Wildlife & Biodiversity

‘Two-thirds of the world’s five rhino species could be lost in our lifetime’

Ahead of World Rhino Day, International Rhino Foundation sounds alarm

By DTE Staff
Published: Wednesday 12 September 2018

(International Rhino Foundation's Logo to mark World Rhino Day     Credit: International Rhino Foundation)

Two-thirds of the world’s five rhino species could be lost in our lifetime, says a report by the International Rhino Foundation, a Texas-based charity, ahead of World Rhino Day on September 22.

The ‘State of the Rhino 2018’ presents an overview of the current status of the White Rhino, Black Rhino, Greater One-horned Rhino, Sumatran Rhino and Javan Rhino.

“Rampant poaching by organised criminal networks, habitat loss, and factors ranging from inbreeding to invasive species are driving Africa’s black rhino and Indonesia’s Sumatran and Javan rhinos to the brink of extinction,” the report notes.

(A Black Rhino   Credit: Wikimedia Commons)

By 1993, fewer than 2,300 Black rhinos remained from populations numbering more than 65,000 in the 1970s. Today, Black rhino numbers hover around 5,000 animals, but, they are being particularly hard-hit by a poaching epidemic, the report said.

But it is the Sumatran and Javan rhinos that are at their most critical.

(Sumatran Rhinos      Credit: Wikimedia Commons)

“Fewer than 80 Sumatran rhinos remain, and because the population has declined more than 70 per cent in the past 20 years, it may well be the most endangered large mammal on Earth. Three small, isolated populations exist on Indonesia’s Sumatra Island, plus a tiny handful of animals in Indonesian Borneo. Remaining populations are heavily guarded by anti-poaching units, and plans are underway to capture rhinos and bring them into large, semi-natural breeding facilities in an attempt to increase population numbers. Sumatran rhinos were declared extinct in the wild in Malaysia in 2015,” the report informed.

(Javan Rhino         Credit: Wikimedia Commons)

Ditto for the Javan Rhino. “Numbering no more than 67 animals, they are found only in Indonesia’s Ujung Kulon National Park, where they are heavily protected. Ujung Kulon is situated just south of the site of Krakatoa, the volcano that cataclysmically devastated the region in 1883. Another eruption could devastate this species’ tiny population. The last Javan rhino in Vietnam was found shot with its horn hacked off in 2010.”

With regard to the other two species, the outlook was better though not completely satisfactory. “The government of South Africa and dedicated conservationists teamed up to bring the Southern White Rhino back from fewer than 100 individuals in the early 1900s to roughly 20,000 today. Thanks to strict protection by government authorities in India and Nepal, the greater one-horned, or Indian, rhino has rebounded from fewer than 200 individuals to more than 3,550 today.”

(A White Rhino     Credit: Wikimedia Commons)

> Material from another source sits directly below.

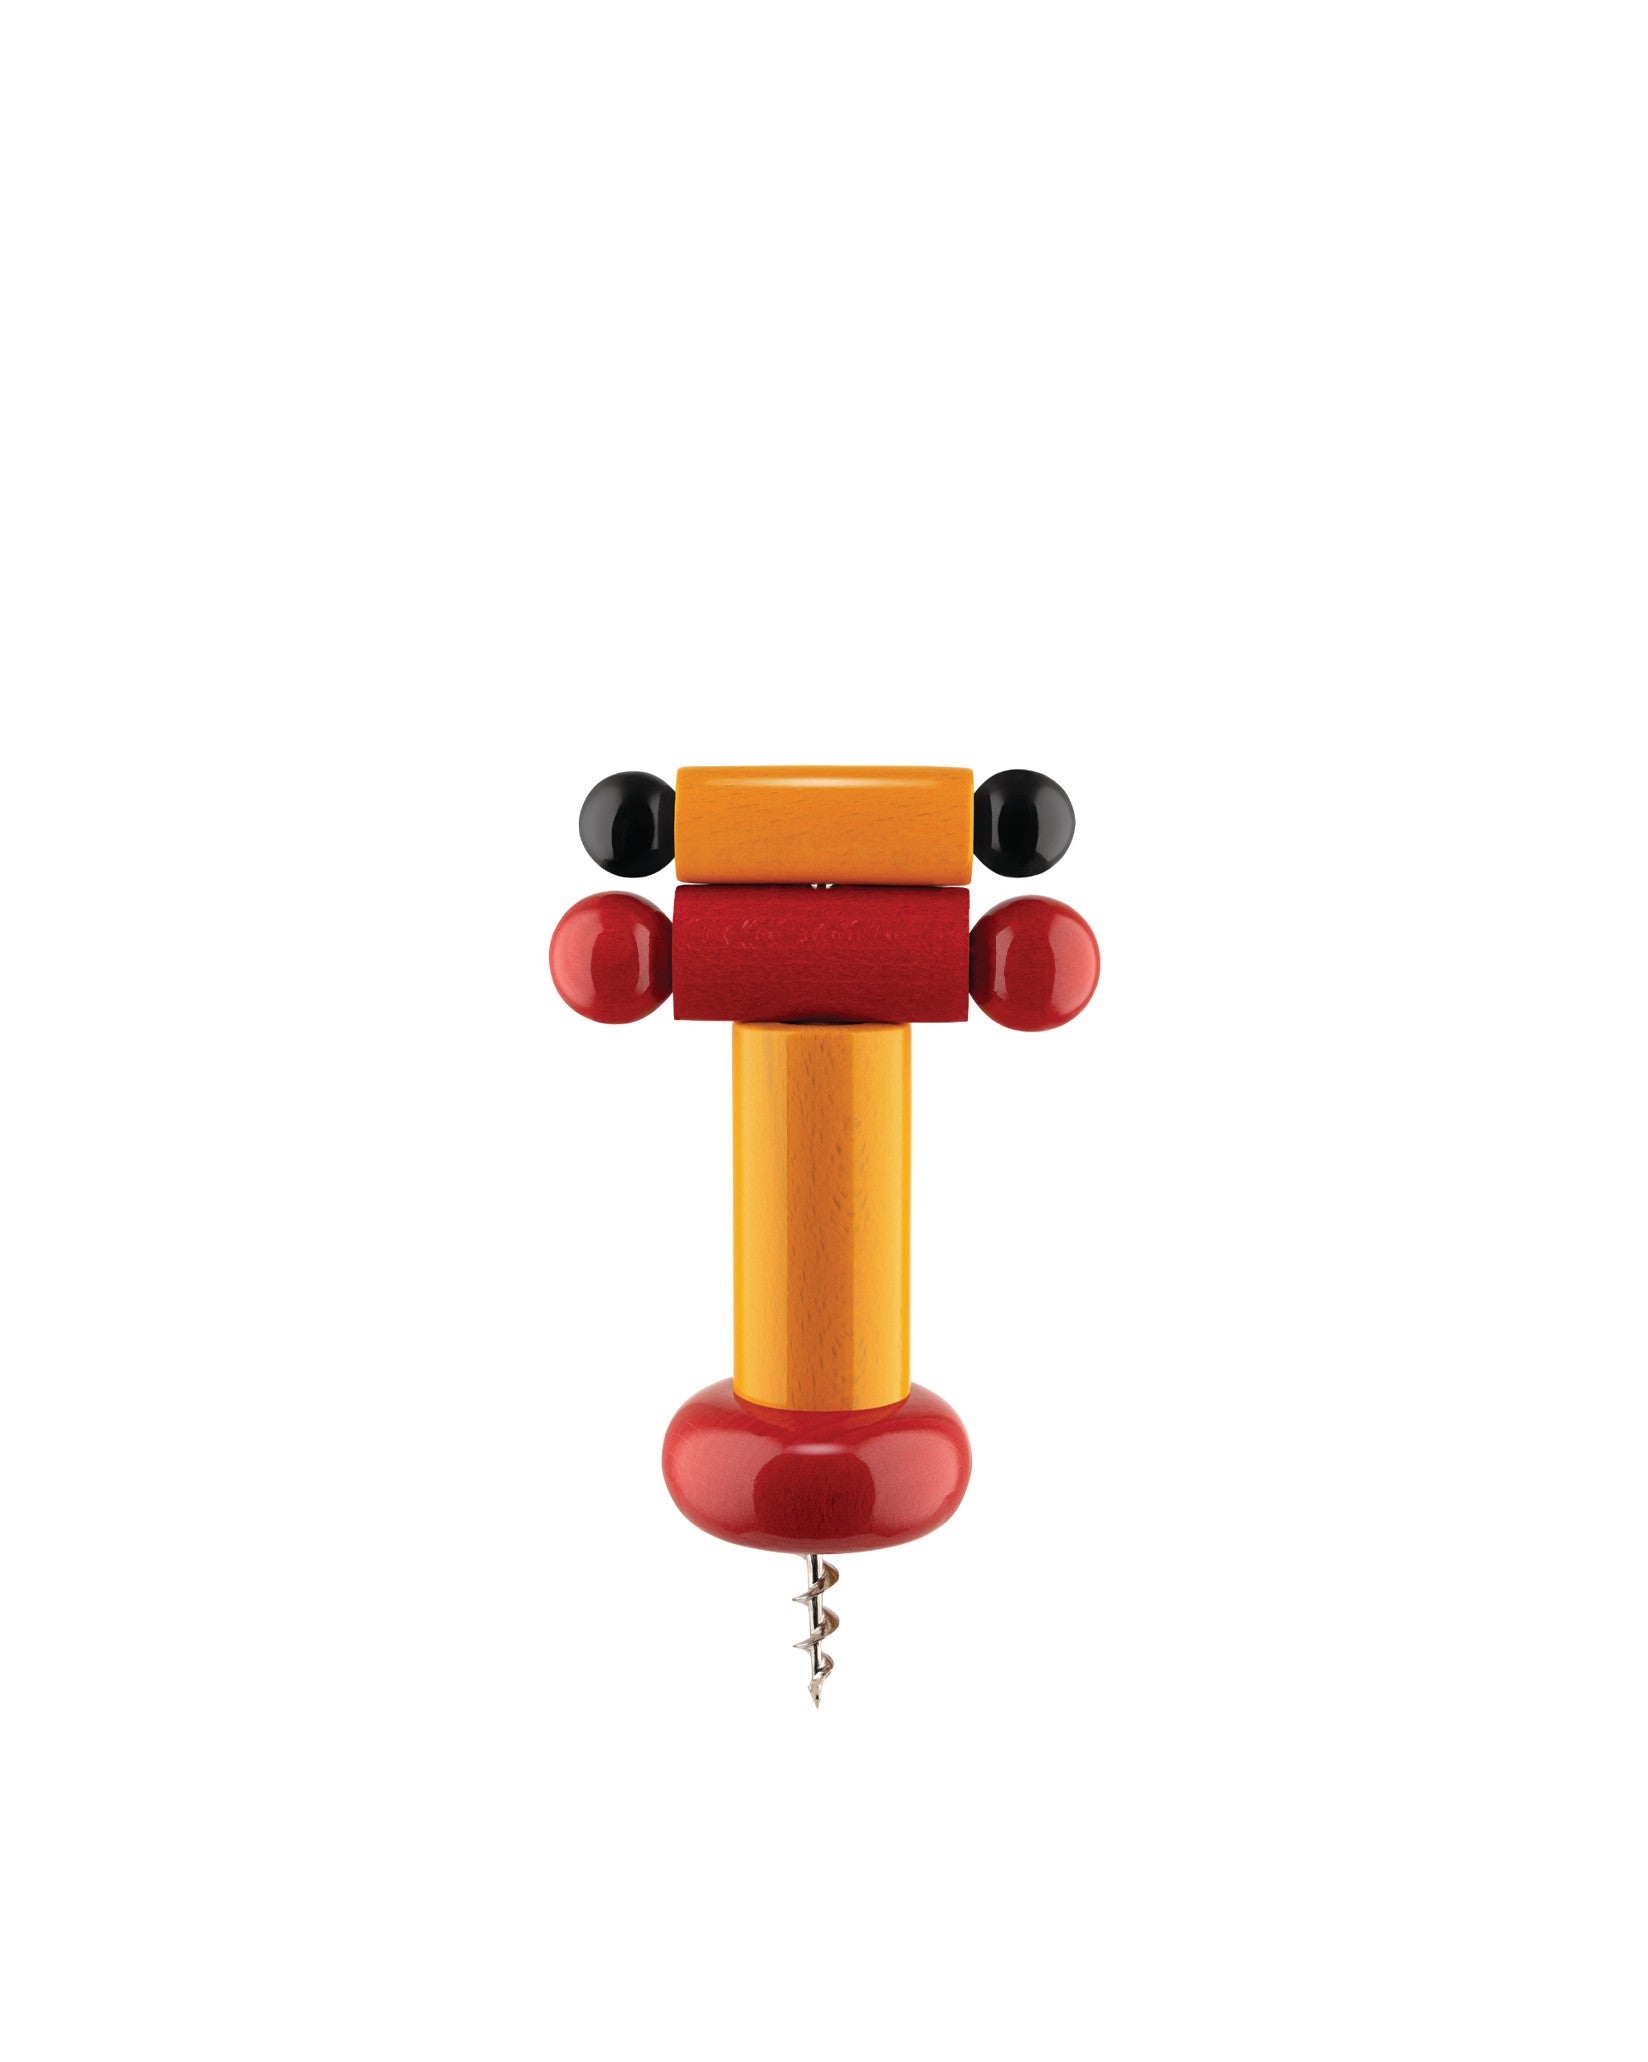 Alessi Ettore Sottsass 100 Values Collection centrepiece - Orange

“The challenge then,” said the report “is to use lessons from these two species to recover the three that are in desperate trouble”.

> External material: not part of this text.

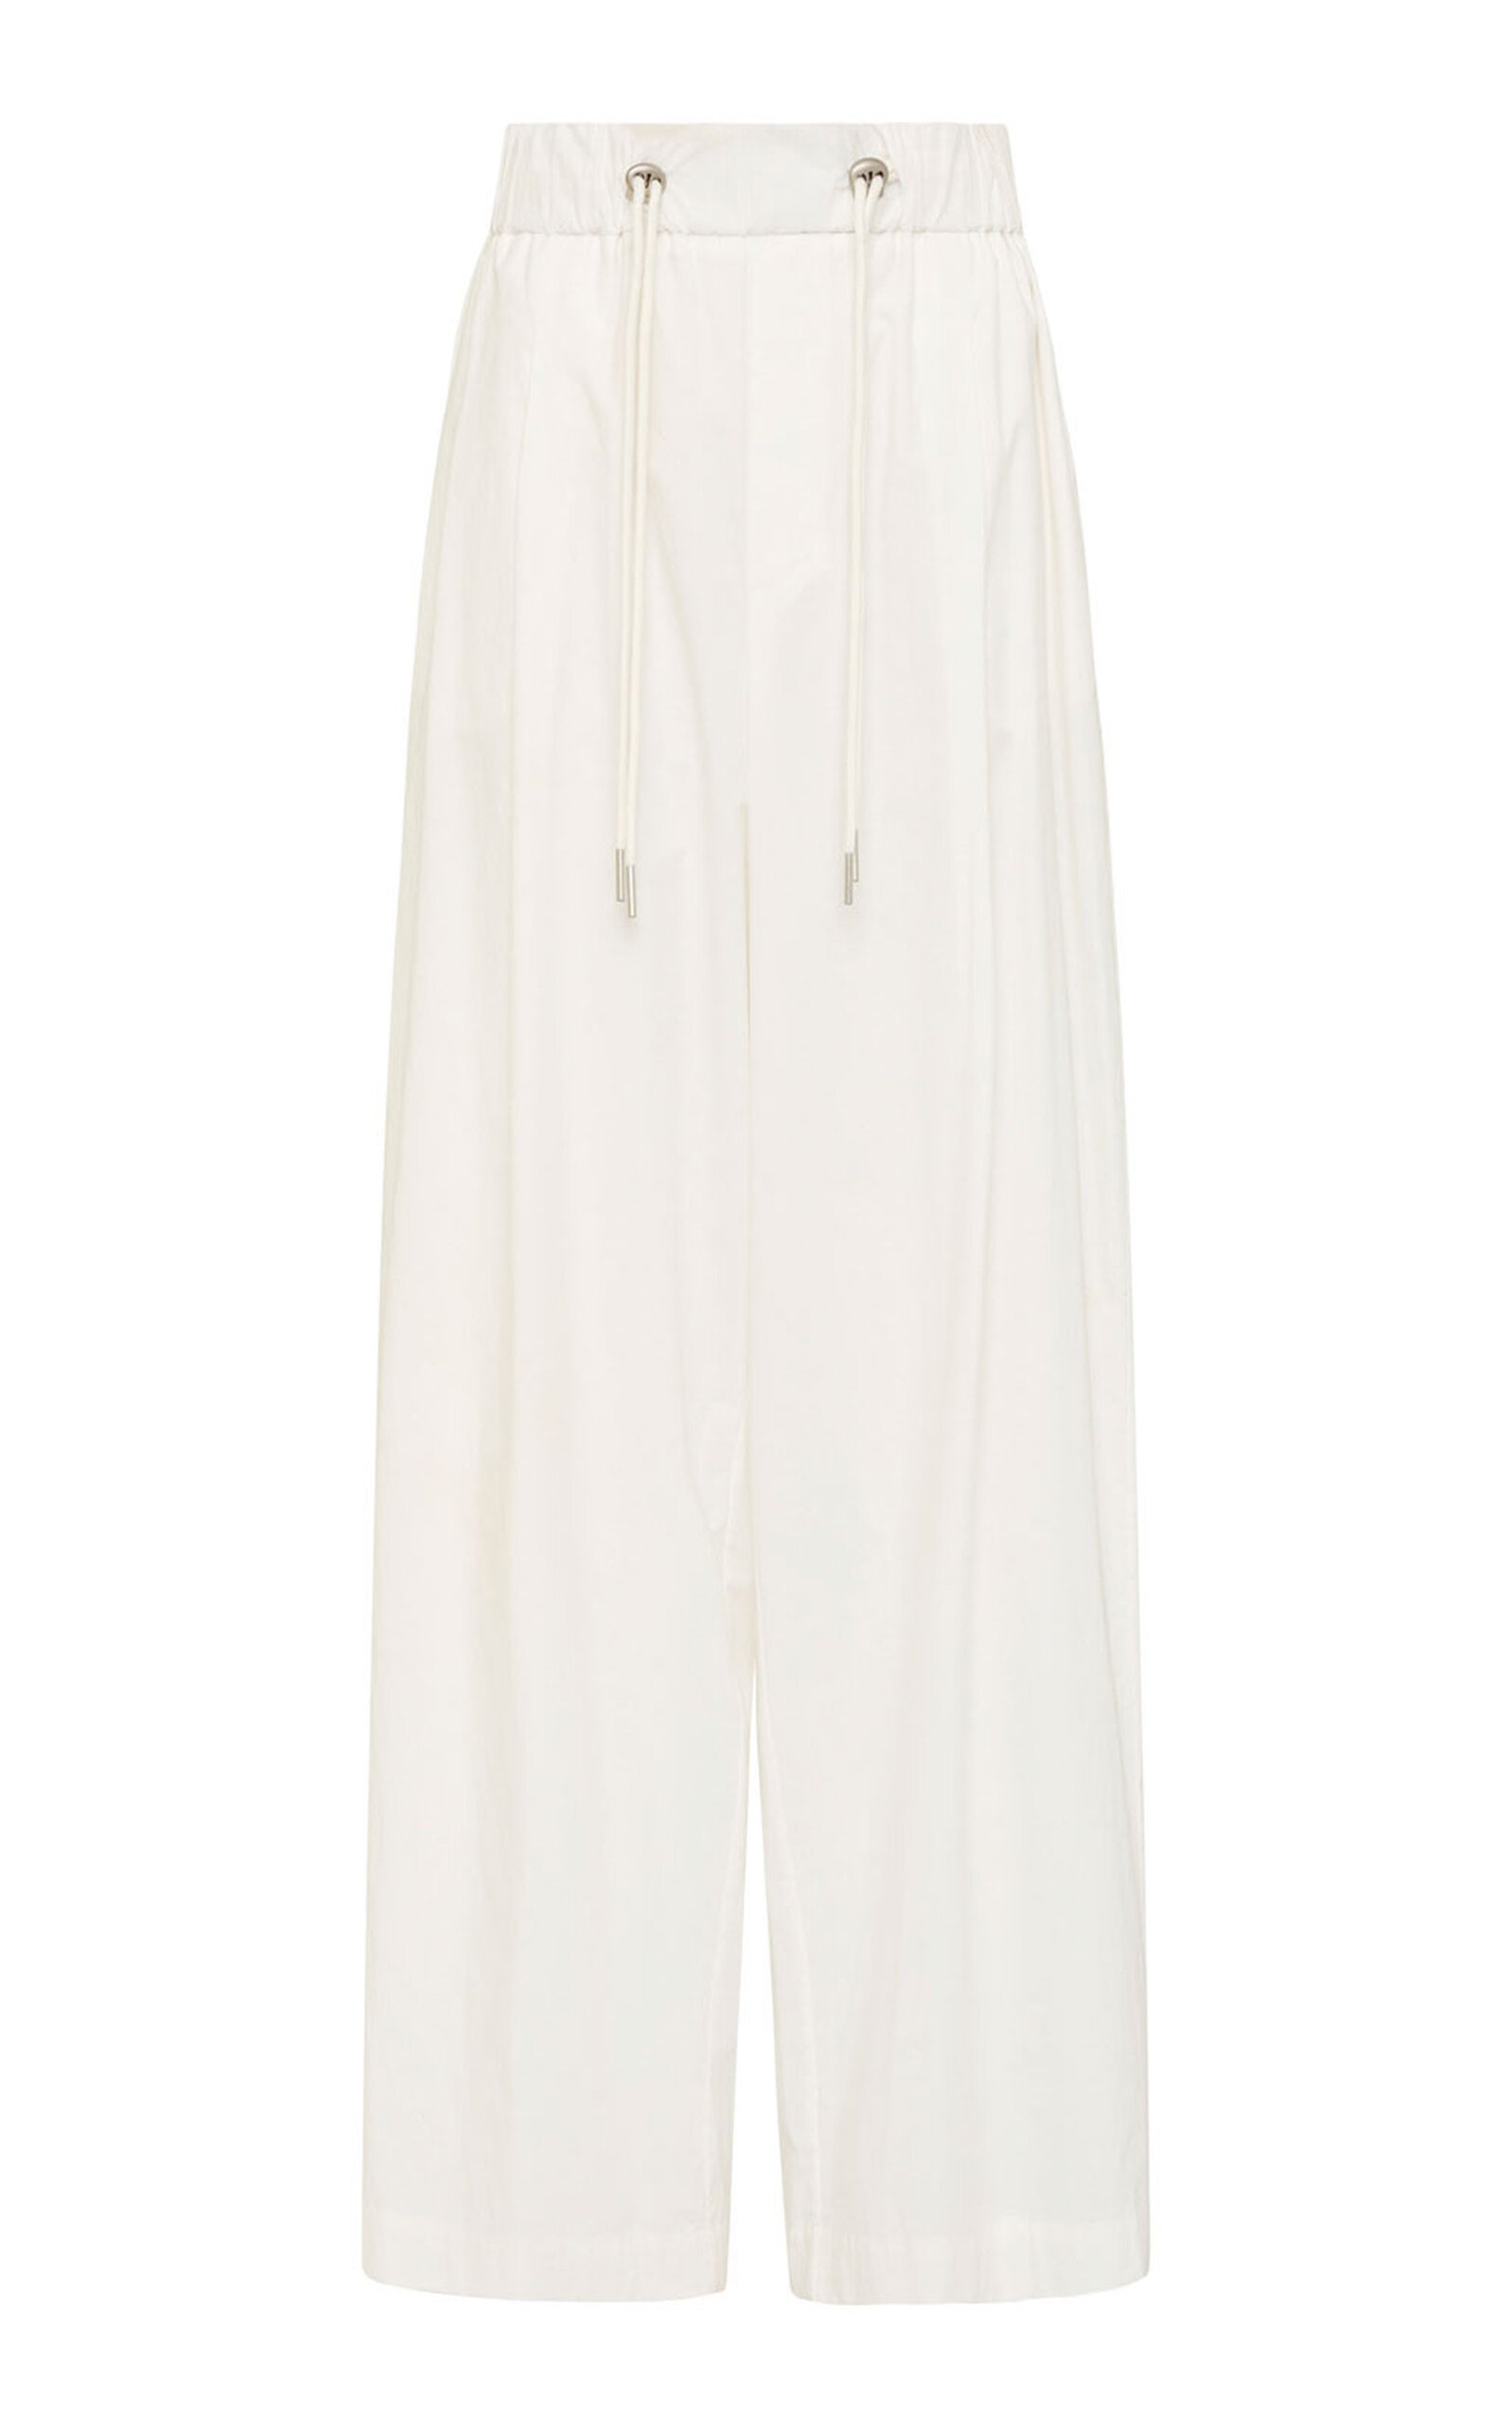 St. Agni Relaxed Drawstring Cotton Pants In White

According to the report, global rhino numbers today are 29,500—a 41 per cent increase from 20,800 a decade ago.

Recommendations

The report called for continued round-the-clock protection for the White Rhino and the Greater One-Horned Rhinoceros lest they be wiped out. It also called for a halt to demand for rhino horn, particularly in China and Vietnam.

“For all five rhinos, the highest priorities are to bolster anti-poaching activities, to maintain intensive monitoring and active management of wild populations, and to intensify international pressure on range country governments to enforce their wildlife crime laws,” it said.

(The Great One-Horned Rhino in Kaziranga National Park, Assam     Credit: Wikimedia Commons)

It ended on a poignant note: “What is our most important obligation to rhinos? Ensure that what happened to the Northern White Rhino will never be repeated”.